We’re going to drink water so some people can get rich. We’re going to drink toilet water because we put growth at any cost ahead of the quality of life. We’re going to drink toilet water because we don’t have the imagination or will to embrace regional water policies and conservation efforts
It’s like everything we do.
We don’t solve the traffic congestion problem by tougher regulations on trucks in peak hours, we put billions into the ground for subways that don’t take us where we want to go. We strip neighborhoods of a say on development so we can put up massive apartment complexes that encourage crime and poverty. We fix our schools buildings but not what goes on in the classroom. We build monuments to billionaires’ egos, not community centers for ordinary people to enjoy.
Honestly, I don’t know if Antonio and his pals are right when they say recycled toilet water is cleaner and healthier than the water the Sparkletts man delivers to my house.
But I do know this: Before we turn on the tap to toilet water, before we build a subway-to-the-sea, before we trash our residential neighborhoods with “density bonus” developments, we all need to sit down as equals and talk about who we are, where we are and where we’re going.

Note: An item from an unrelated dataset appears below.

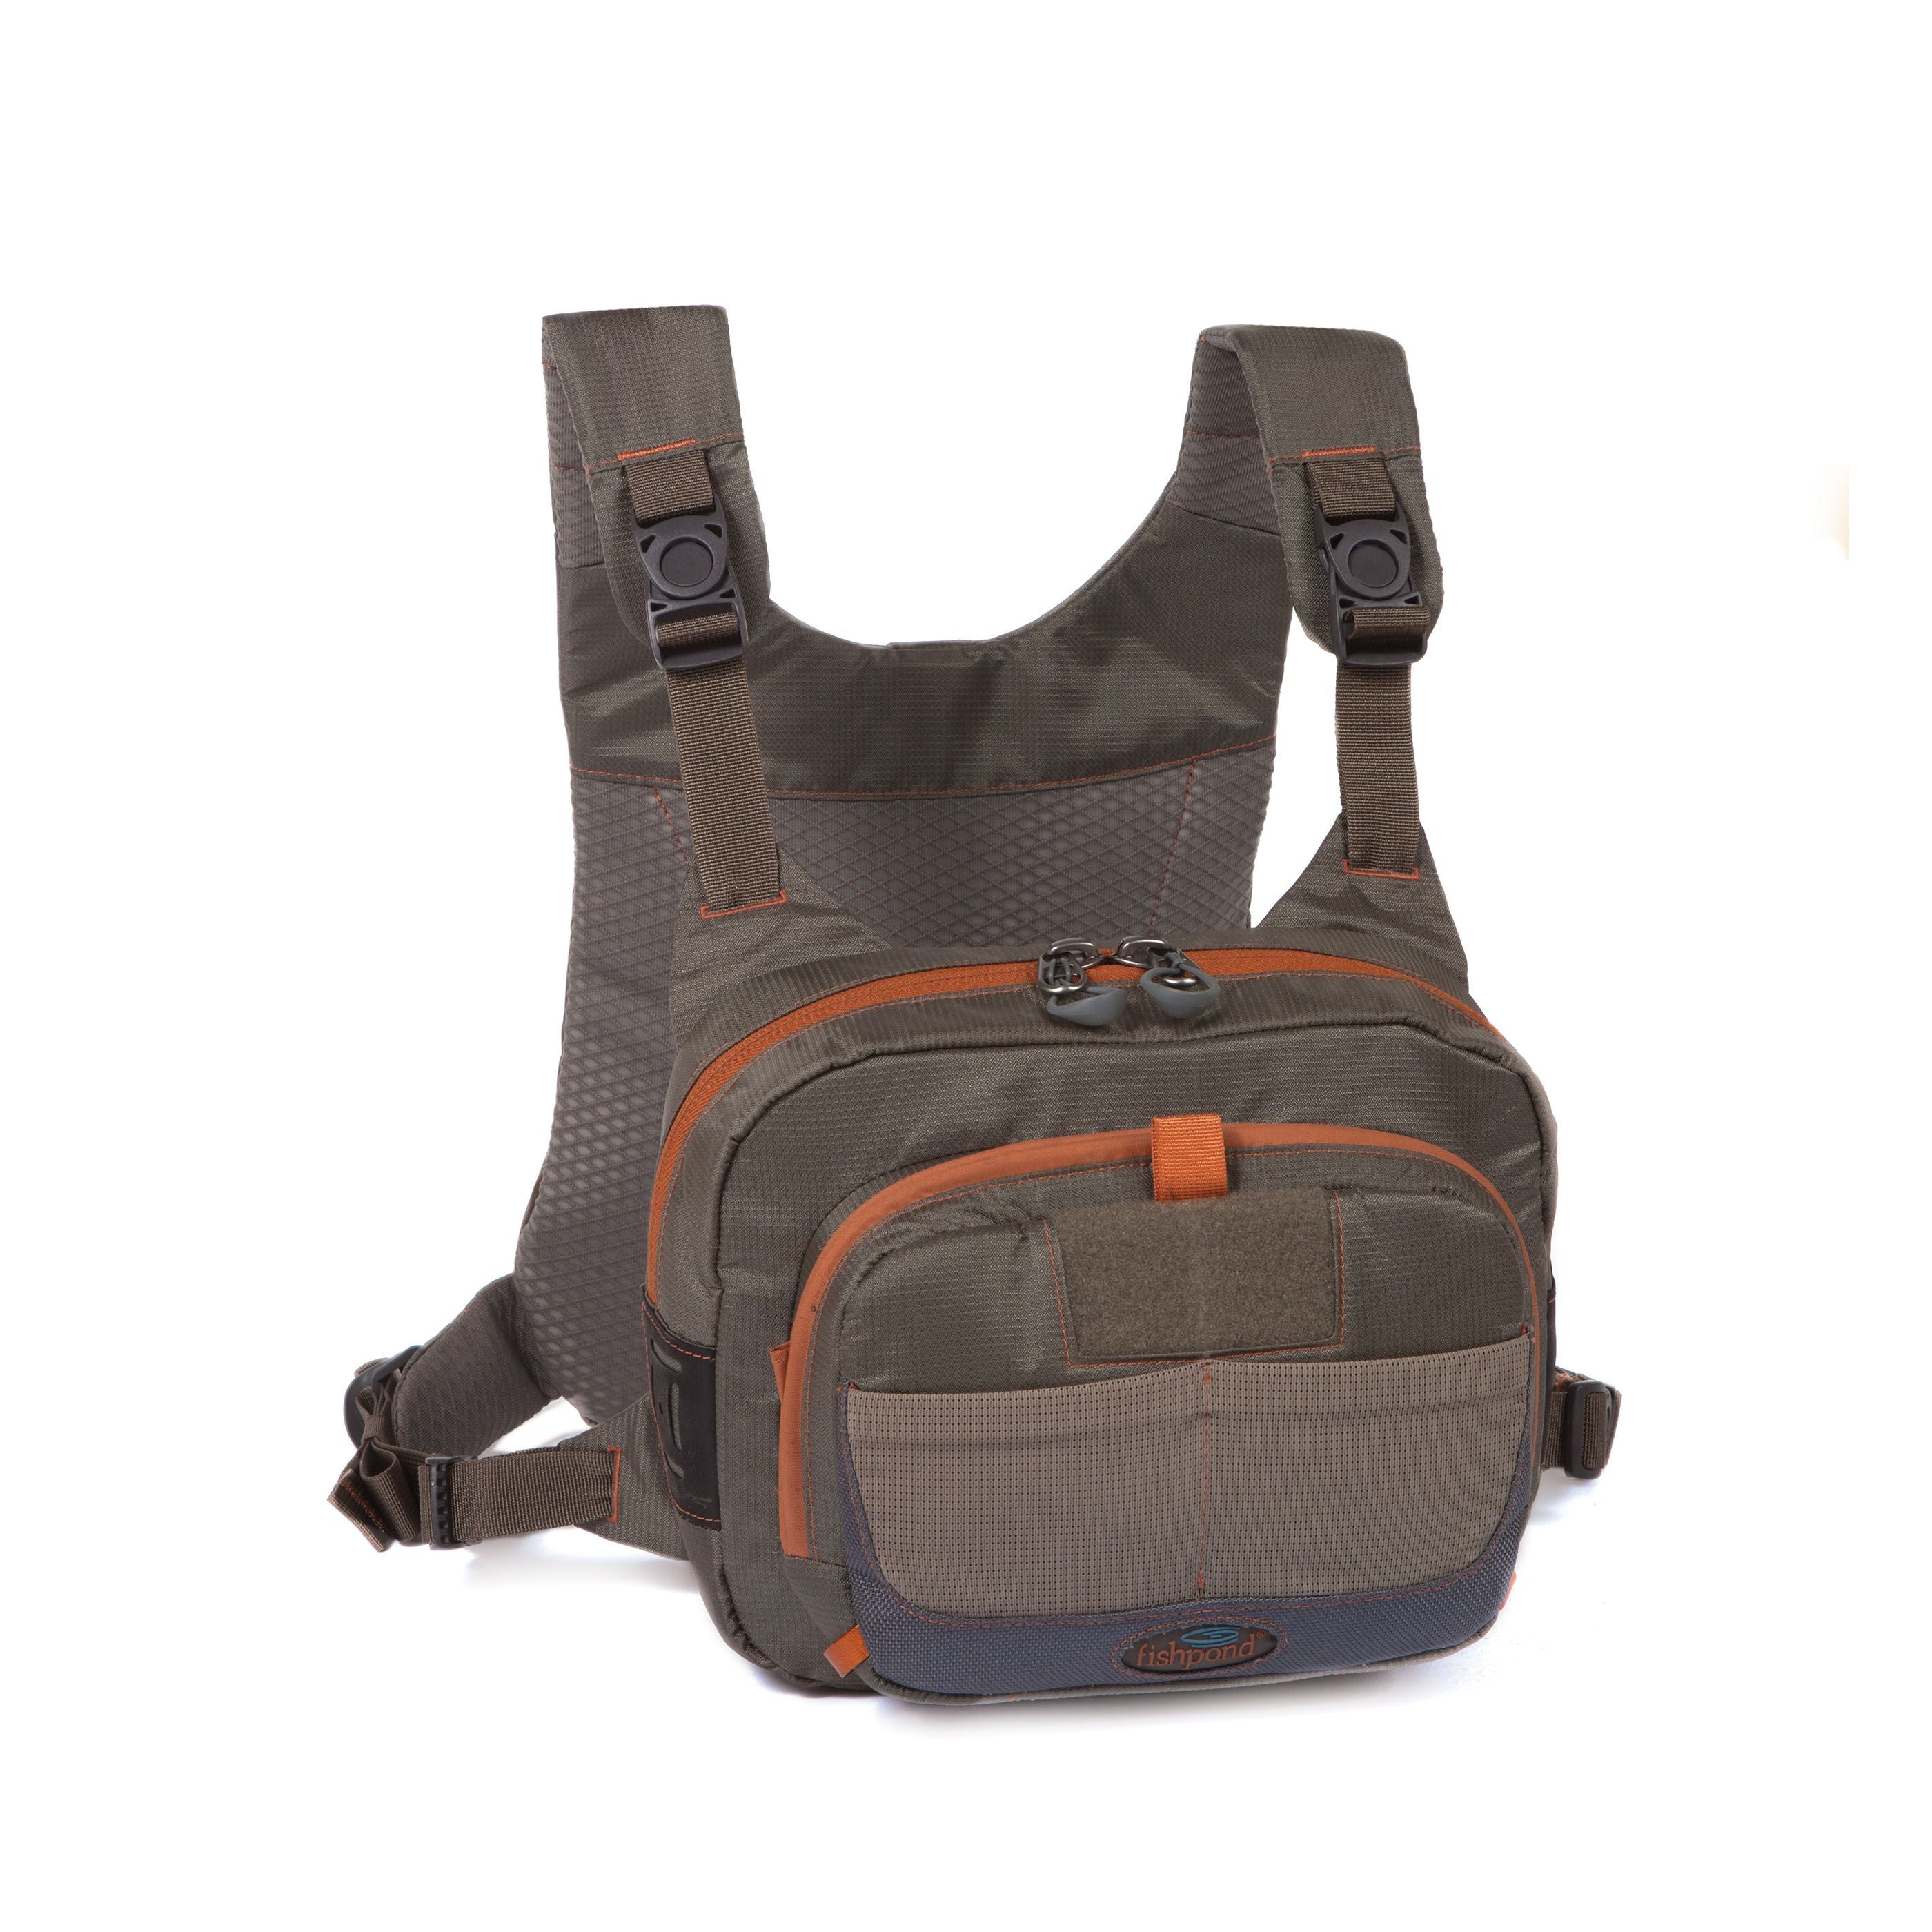 FISHPOND CROSS CURRENT CHEST PACK SYSTEM — Rod And Tackle Limited
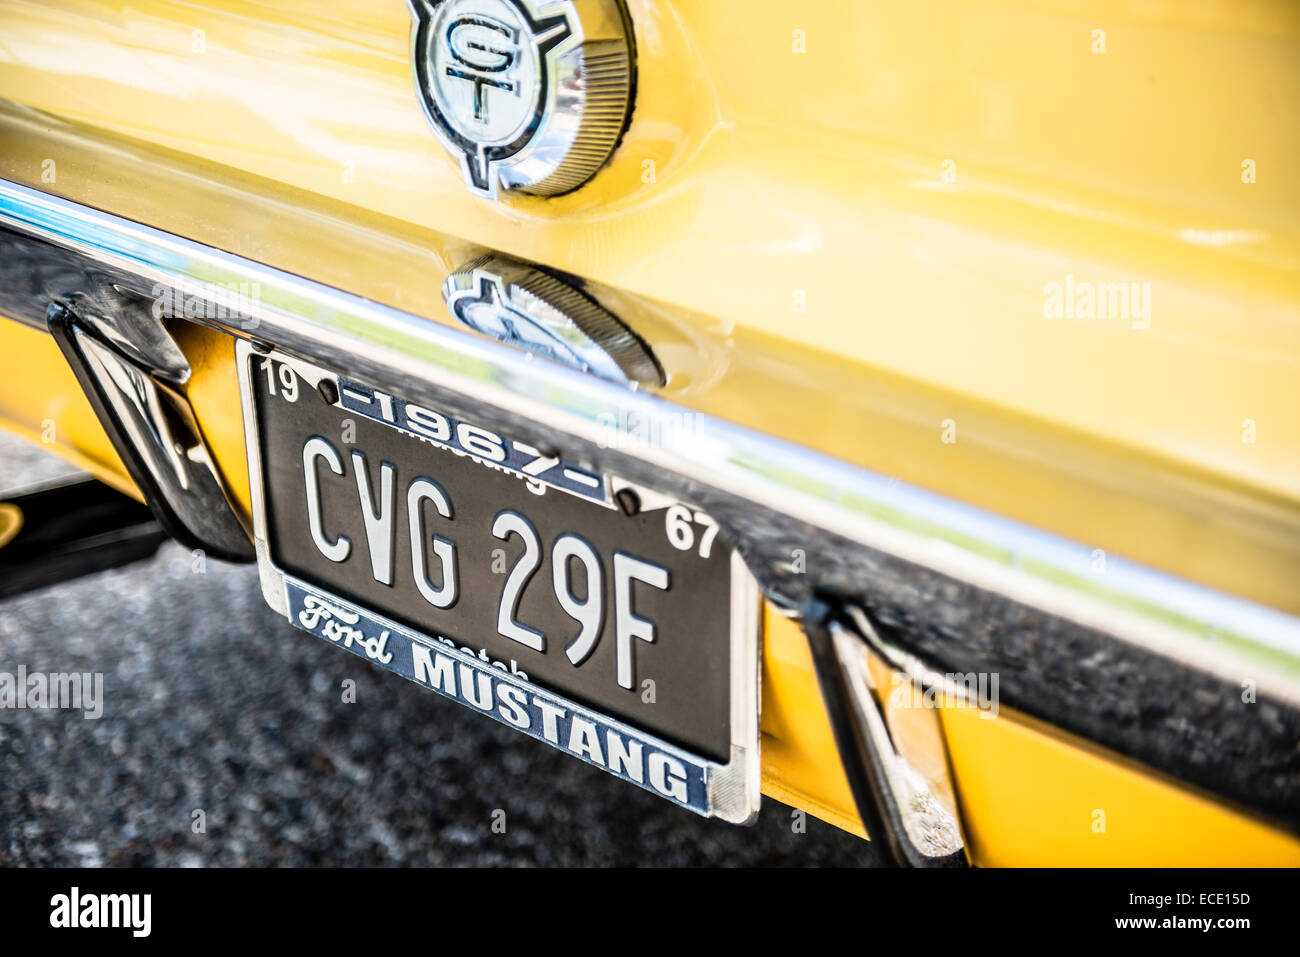 Yellow Ford Mustang, GT, number plate Stock Photo

And that’s why the leaders of this city need to come down from their mountaintops and leave their mansions and work to develop strong community organizations that can balance out the discussions about what’s good for L.A.
Is that asking too much?
For, the record, here’s the full text of the mayor’s press release which mentions recycling but not the mayor’s flip-flop on drinking it:
MAYOR VILLARAIGOSA, LADWP TO LAY OUT FAR-REACHING
20-YEAR WATER STRATEGY FOR LA
Water demand expected to grow 15 percent by 2030, while water supplies more tenuous
LOS ANGELES – Unveiling a plan to ensure water continues to flow in Los Angeles despite a worsening outlook, Mayor Antonio Villaraigosa will join LADWP leaders and environmentalists to lay out a long-term strategy for the City to meet growth in water demand over the next 20 years at 10:00 AM on Thursday, May 15, at the Japanese Garden, 6100 Woodley Ave., Van Nuys, California, 91406.
While dry seasons and the toll of climate change continue to threaten Los Angeles’ future water supply, population growth is expected to drive up water demand in Los Angeles by 15 percent by 2030.
Developed by the Mayor’s Office and LADWP, the “Securing LA’s Water Supply” plan calls for an aggressive, multi-pronged approach to meet this increase in demand, combining short-term steps to conserve water with long-term investment in water-efficient technology and water recycling.